<- Back

Class recommendation with archetypes

Ming Xuan Samuel Tan

Executive Summary

  • We investigated the feasibility of building a similarity-based class recommendation system by examining whether users who engage in multiple sports prefer sports that are similar to their preferred exercise types (i.e. Archetypes: primary_excercise and secondary_exercises).

  • 78 unique sports from 499 users were collected from test period were identified. Sports were compared along Structure, Location, Objective, Intensity, Skill Required to generate exercise type similarity matrix.

  • 34.9% of users recorded at least one sport from the 10 sports most similar to their primary_exercise. 82.7% users reported in at least one sport from either the top 5 sports most similar to their primary_exercise or the top 5 sports most similar to their secondary_exercise. Both observed proportions are statistically significant (p-value: <0.0005).
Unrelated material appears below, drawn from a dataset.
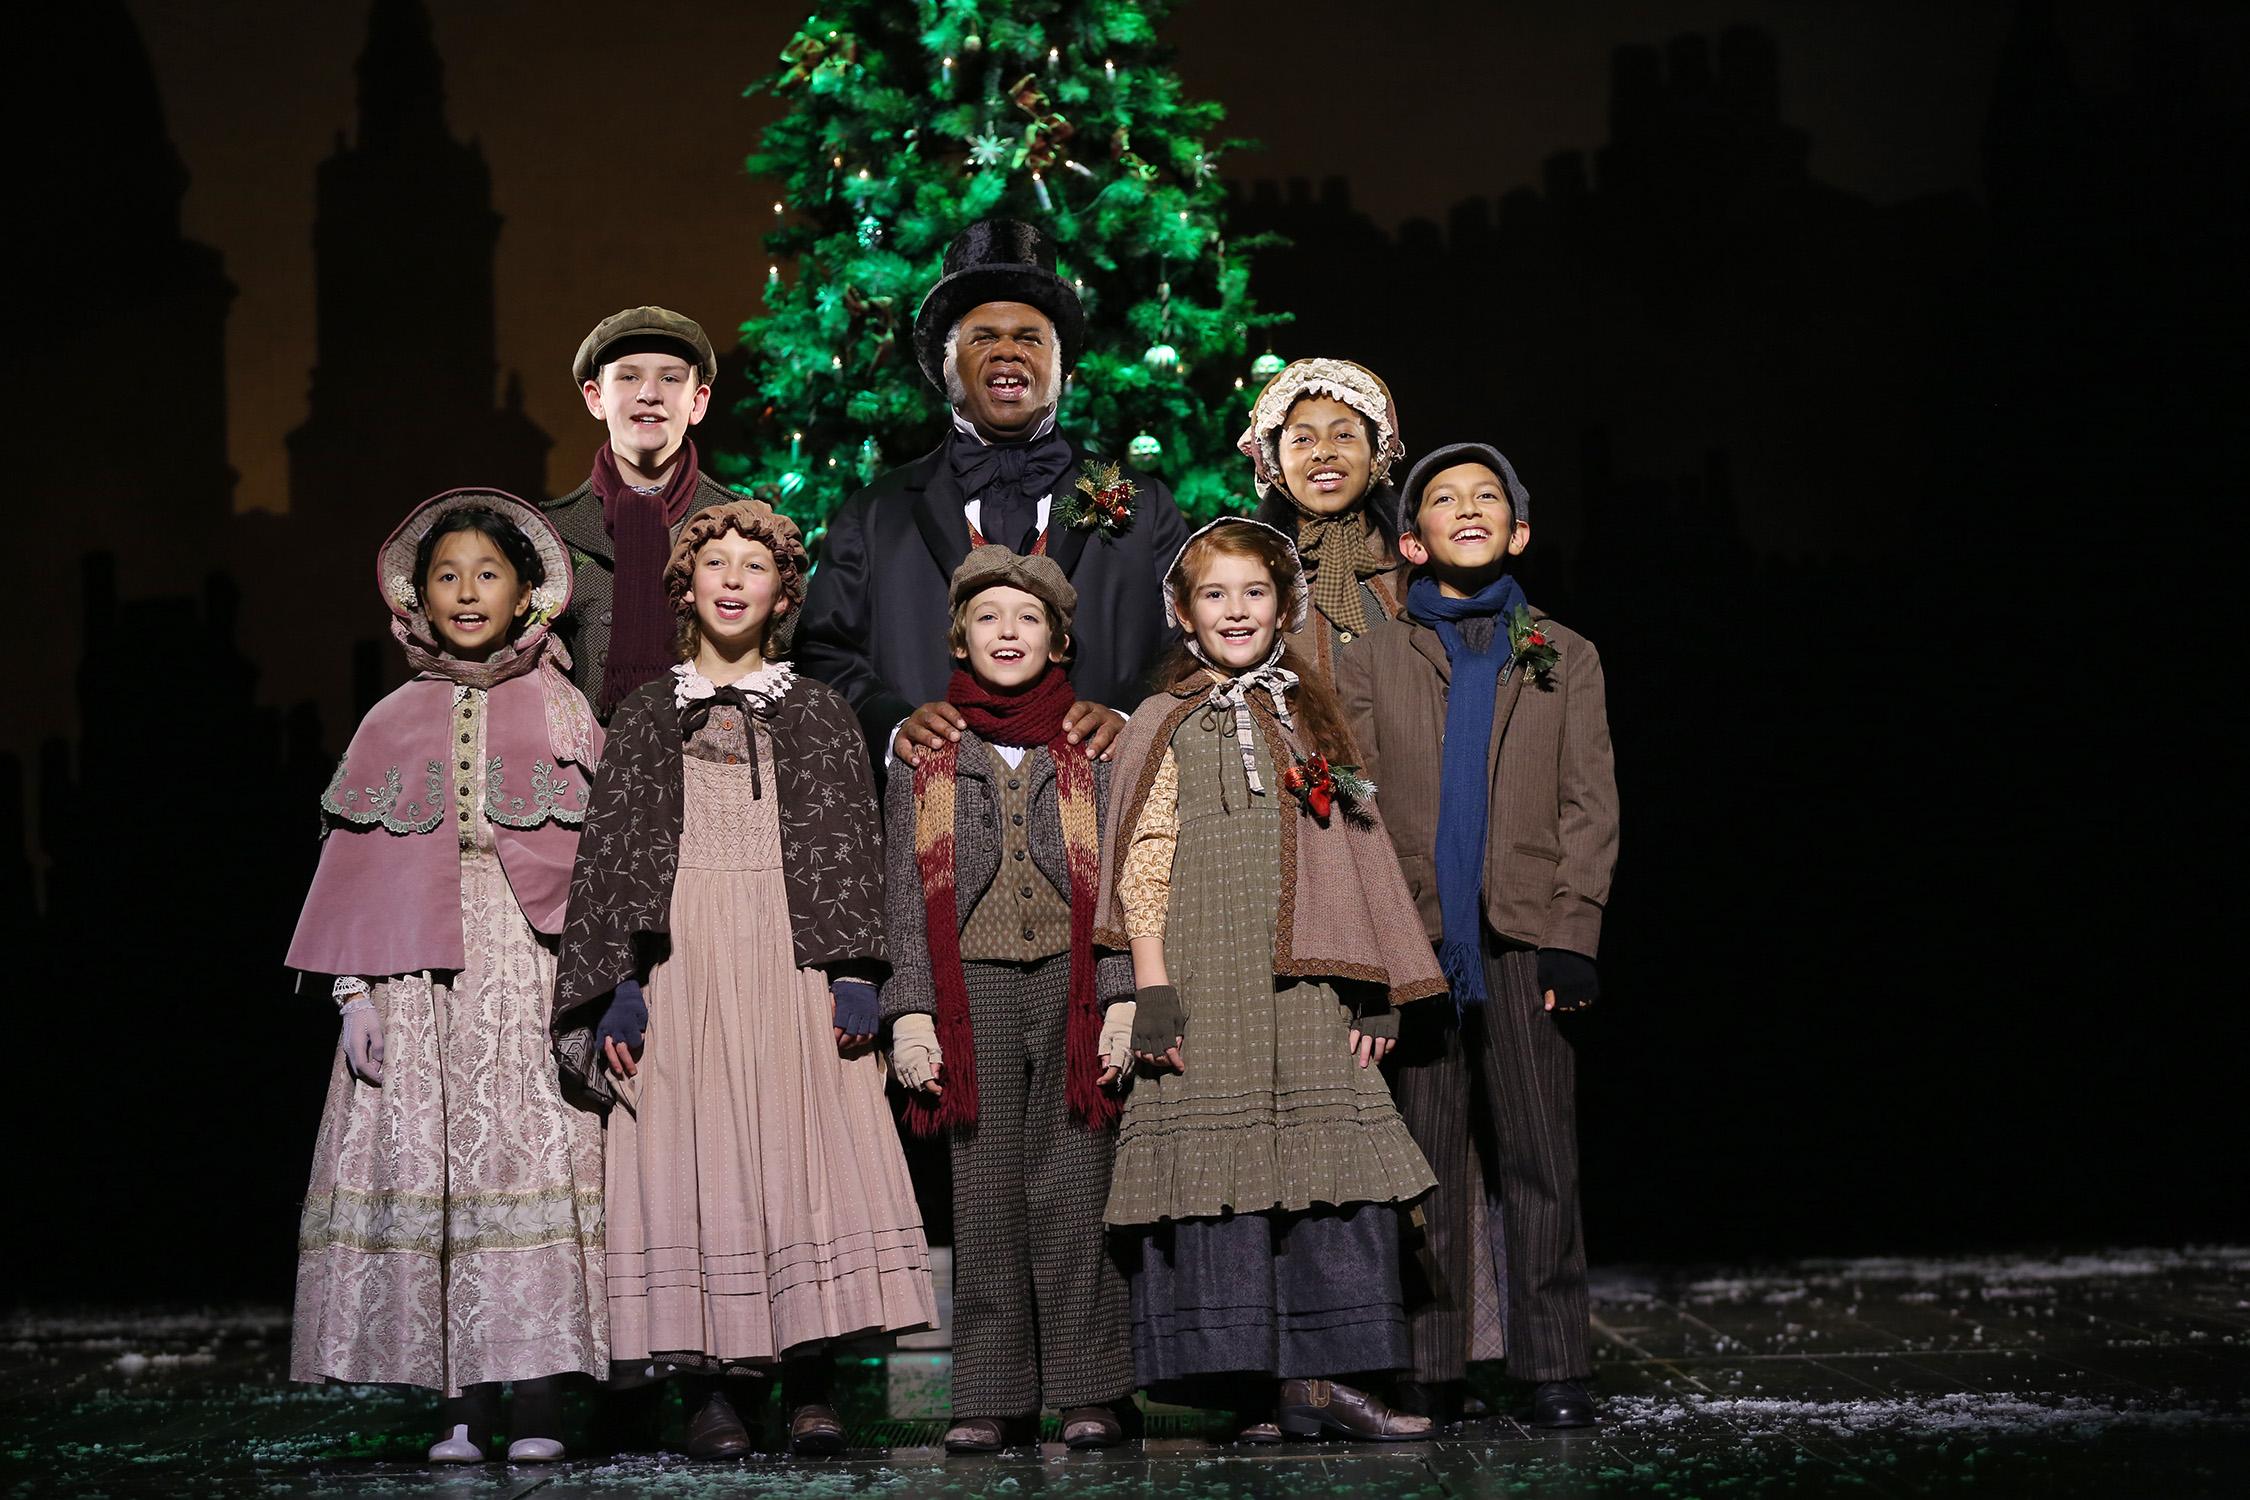 A Christmas Carol Lincoln Nebraska 2020 A Christmas Carol   2019   Fords Theatre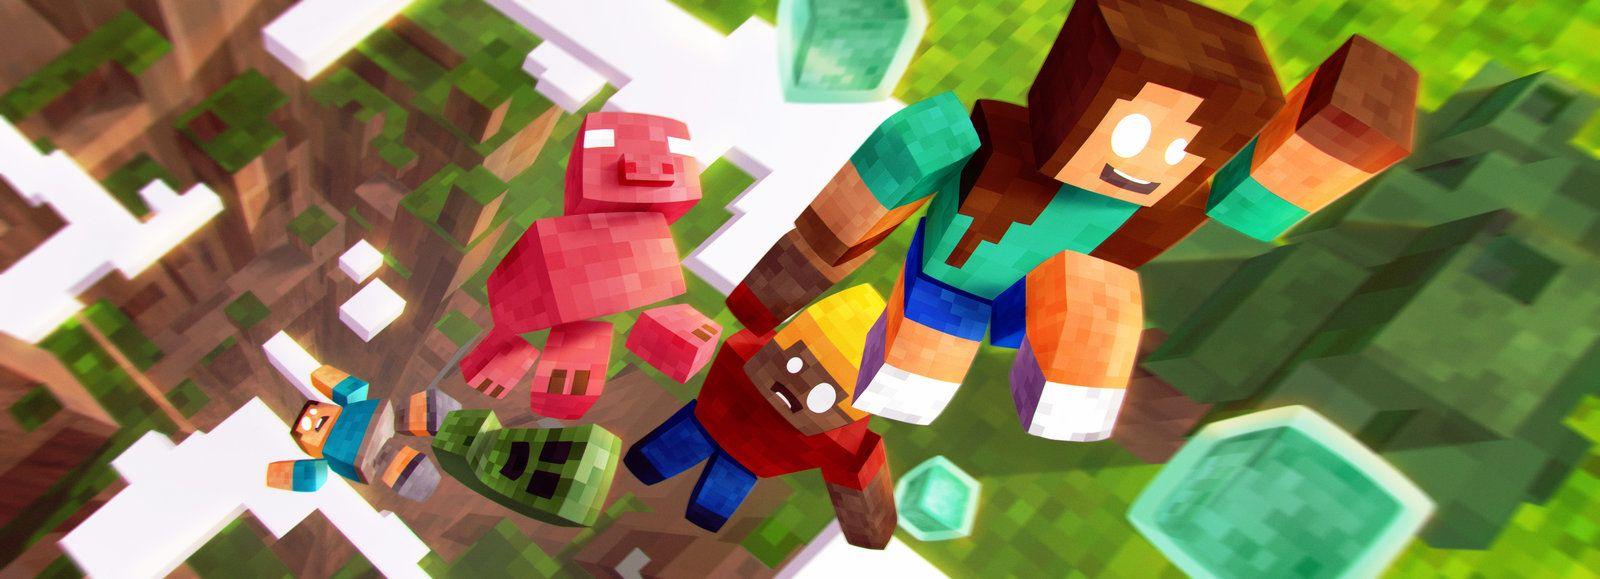 Minecraft by DylanPierpont.deviantart.com on @deviantART

  • Users tend to engage in sports similar to their preferred sport as captured by primary_excercise and secondary_exercises. Sport similarity measures can be combined with exercise preference archetypes to design personalized sport/exercise recommendation systems.


Introduction

Sports preferences are shaped by a complex interplay of personal, social, and environmental factors. Previous research highlights that an individual's history of sports participation plays a crucial role in determining their current and future sports interests (source). Moreover, the specific characteristics of the sports one has participated in—such as intensity, skill requirements, structure, and setting also influence their preferences. These factors are further shaped by cultural norms and environmental accessibility (source).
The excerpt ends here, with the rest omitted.